The State Department put together a statement about International Holocaust Remembrance Day that mentioned Jewish victims, but the White House used its own, which drew controversy.
According to Politico, a White House official said they did not see the State Department's draft until after it had released its own statement, and told the State Department not to release its version. The official also told Politico that the White House did not ask the State Department to write its statement.
The White House statement on the day of remembrance said: "It is with a heavy heart and a somber mind that we remember and honor the victims, survivors, heroes of the Holocaust. It is impossible to fully fathom the depravity and horror inflicted on innocent people by Nazi terror."
White House press secretary Sean Spicer said the Trump administration stands by its message.
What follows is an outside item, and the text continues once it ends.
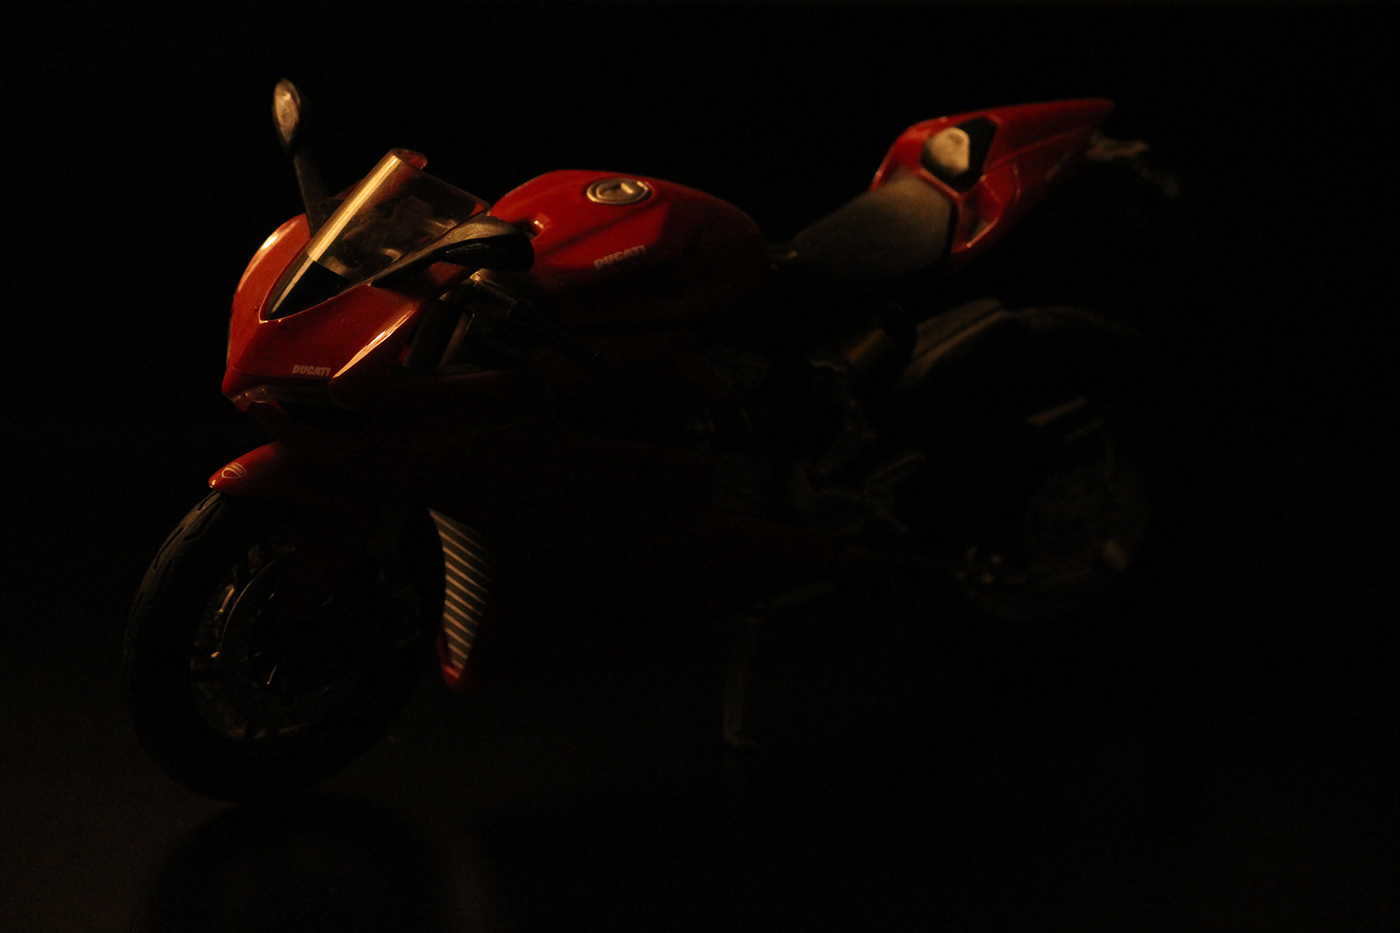 moto-photography motorcycles Ducati panigale multistrada diavel
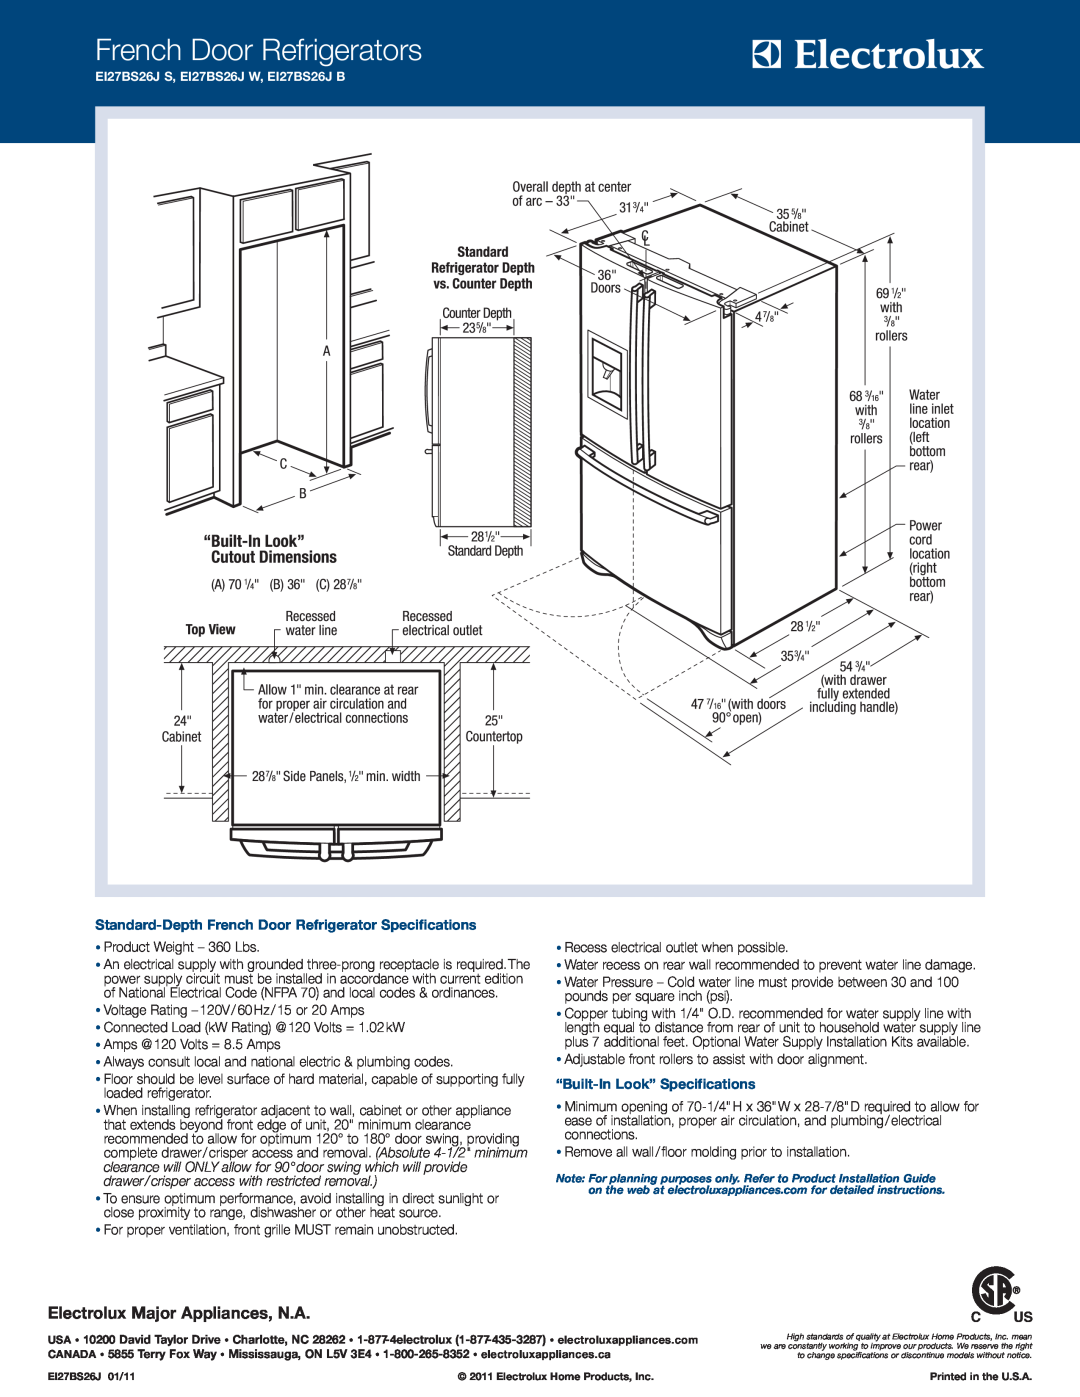 Electrolux EI27BS26J B French Door Refrigerators, Electrolux Major Appliances, N.A, “Built-In Look” Specifications

"I think by and large he's been praised for it. I think the president recognized the tremendous loss of life in the Holocaust," Spicer said.
Critics of the statement included the United States Holocaust Memorial Museum.
"Millions of other innocent civilians were persecuted and murdered by the Nazis, but the elimination of Jews was central to Nazi policy," the museum said in a statement, Politico reports.
The Republican Jewish Coalition and the Zionist Organization of America both said the Jewish people should have been mentioned.
"The lack of a direct statement about the suffering of the Jewish people during the Holocaust was an unfortunate omission. History unambiguously shows the purpose of the Nazis' final solution was the extermination of the Jews of Europe. We hope, going forward, he (the president) conveys those feelings when speaking about the Holocaust," said Fred Brown from the Republican Jewish Coalition.